After three steps, x_3 = 2.236068, matching √5 = 2.236068 to six decimals. The convergence is dramatic because the tangent line is an excellent local stand-in for f: each step roughly doubles the number of correct digits (1 → 4 → 6+). The most-used root-finder in scientific computing is, underneath, this lesson’s first Taylor term.

Flashcards

Ten cards spanning the synthesis. Click any card to reveal the answer. Use the Print flashcards button to lay out the full set as one card per page, ready to print or save as a PDF for offline review.

Q. State the Taylor expansion of f near a point a.

f(x) ≈ f(a) + f'(a)(x-a) + (f''(a)/2!)(x-a)² + (f'''(a)/3!)(x-a)³ + .... Each term uses one more derivative of f at a, divided by k!, attached to a power of (x-a).

Q. Why are the 1/k! factorials there?

To make the matching property exact.

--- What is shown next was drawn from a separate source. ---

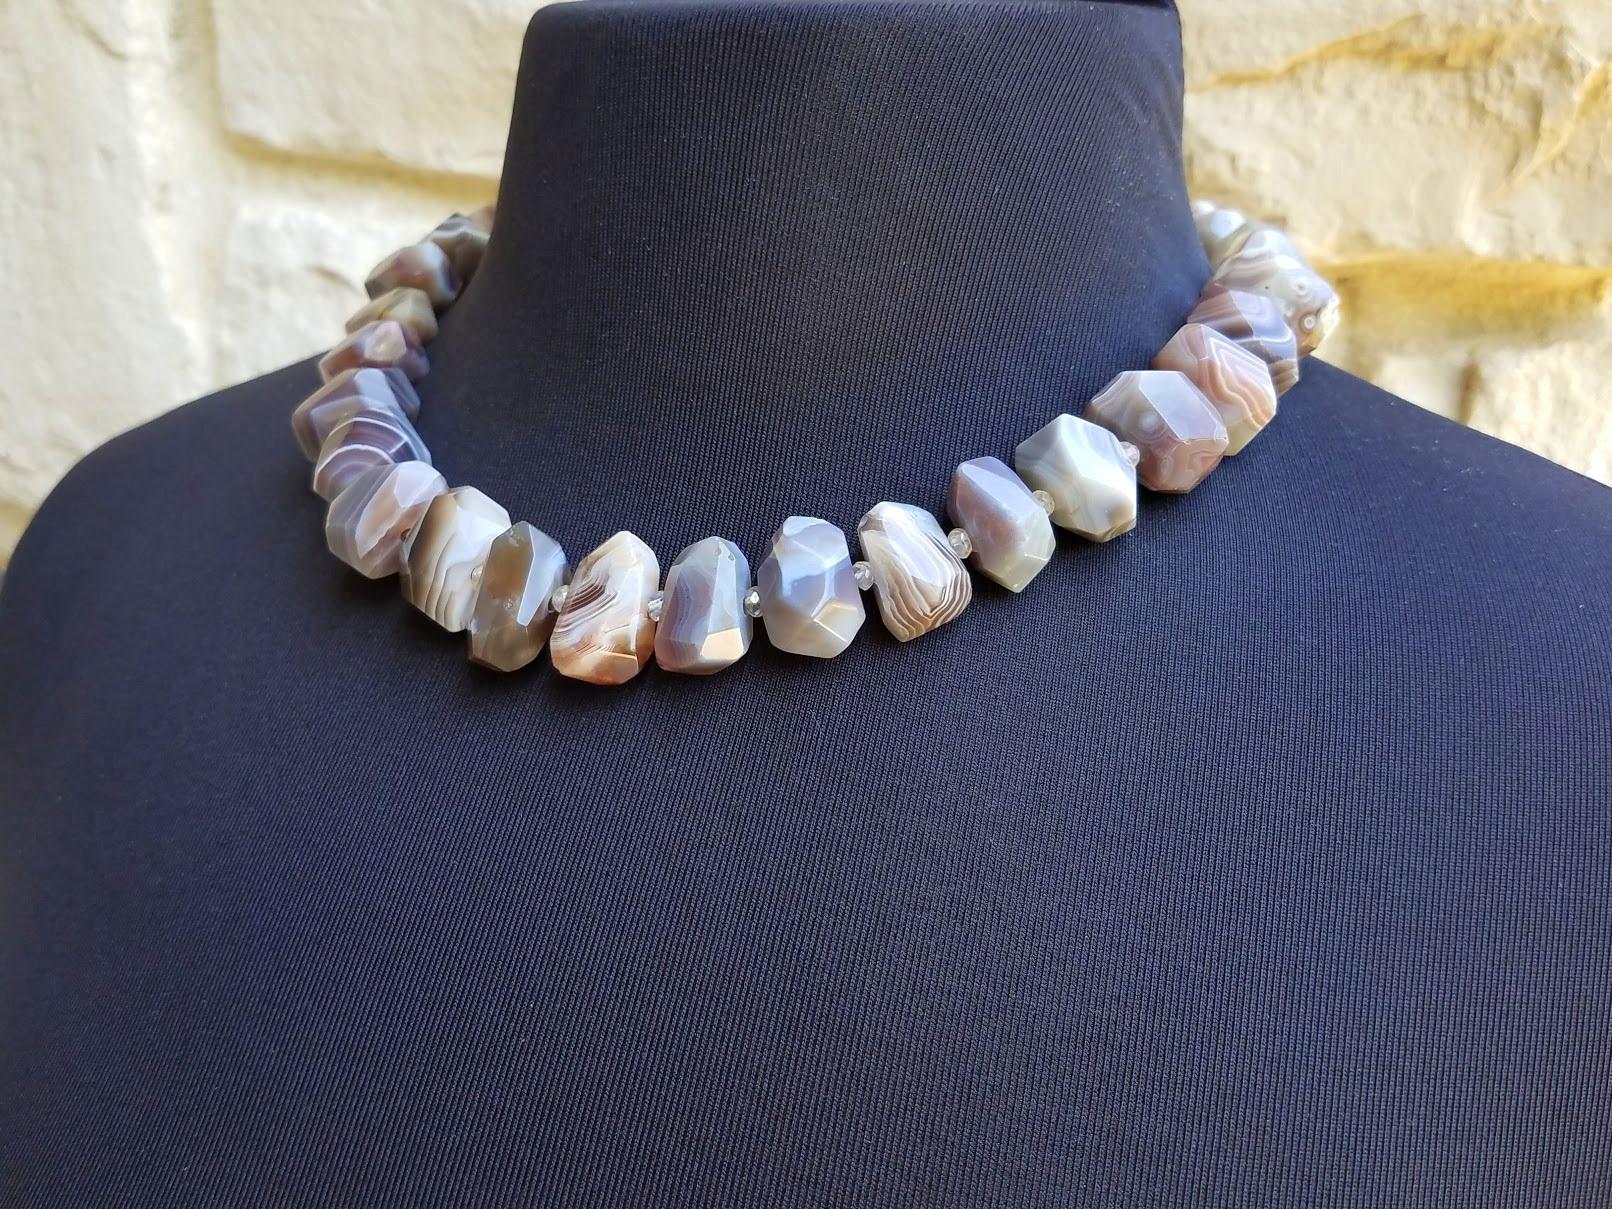 Women's or Men's Botswana Agate Necklace with Rock Crystal and Fire Agate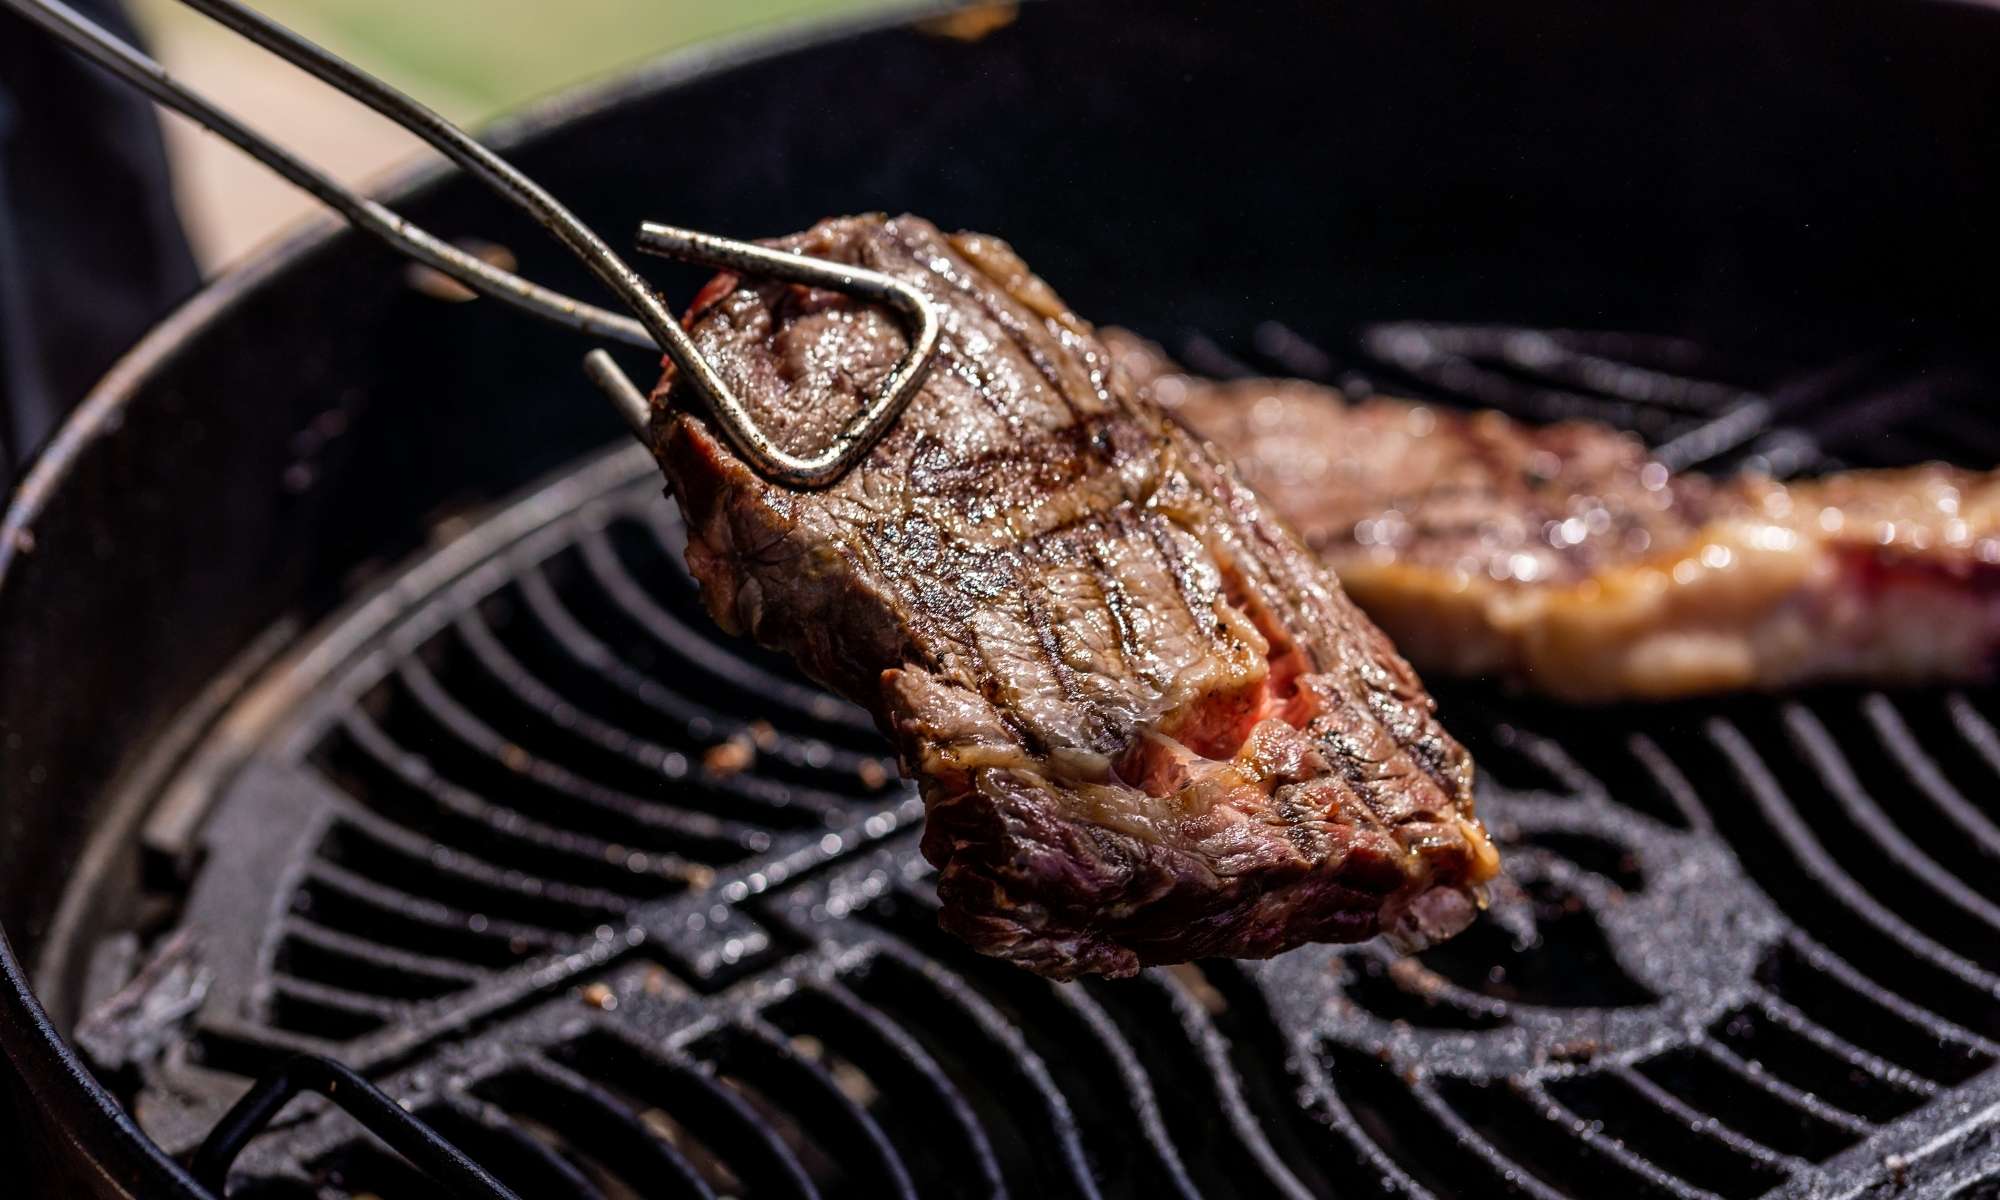 Cook your steak over the grill

Differentiating (x-a)^k exactly k times produces k!; dividing by k! cancels it, so the k-th derivative of the k-th term at a is exactly f^(k)(a). The polynomial and f then share value, slope, concavity, … at a.

Q. What is the Taylor series of e^x at 0, and why is it so clean?

e^x = 1 + x + x²/2! + x³/3! + .... Every derivative of e^x is e^x, and e^0 = 1, so every coefficient is 1. Differentiating the series term by term reproduces it, the polynomial signature of the self-derivative property.

Q. What are the Taylor series of sin and cos at 0?

sin x = x - x³/3! + x⁵/5! - x⁷/7! + ... (odd powers, alternating signs). cos x = 1 - x²/2! + x⁴/4! - x⁶/6! + ... (even powers, alternating signs). The cycle of derivatives at 0 (0, 1, 0, -1, ...) zeroes one parity and alternates the other.

Q. How is the small-angle sin(x) ≈ x a Taylor result?

It is the first-order Taylor term of sine at 0. The next term sharpens it: sin(x) ≈ x - x³/6. At x = 0.5: plain x gives 0.5, x - x³/6 gives 0.4792, true sin(0.5) = 0.4794. The “approximation” was the first slice of a series all along.

Q. How is L'Hôpital's rule a Taylor result?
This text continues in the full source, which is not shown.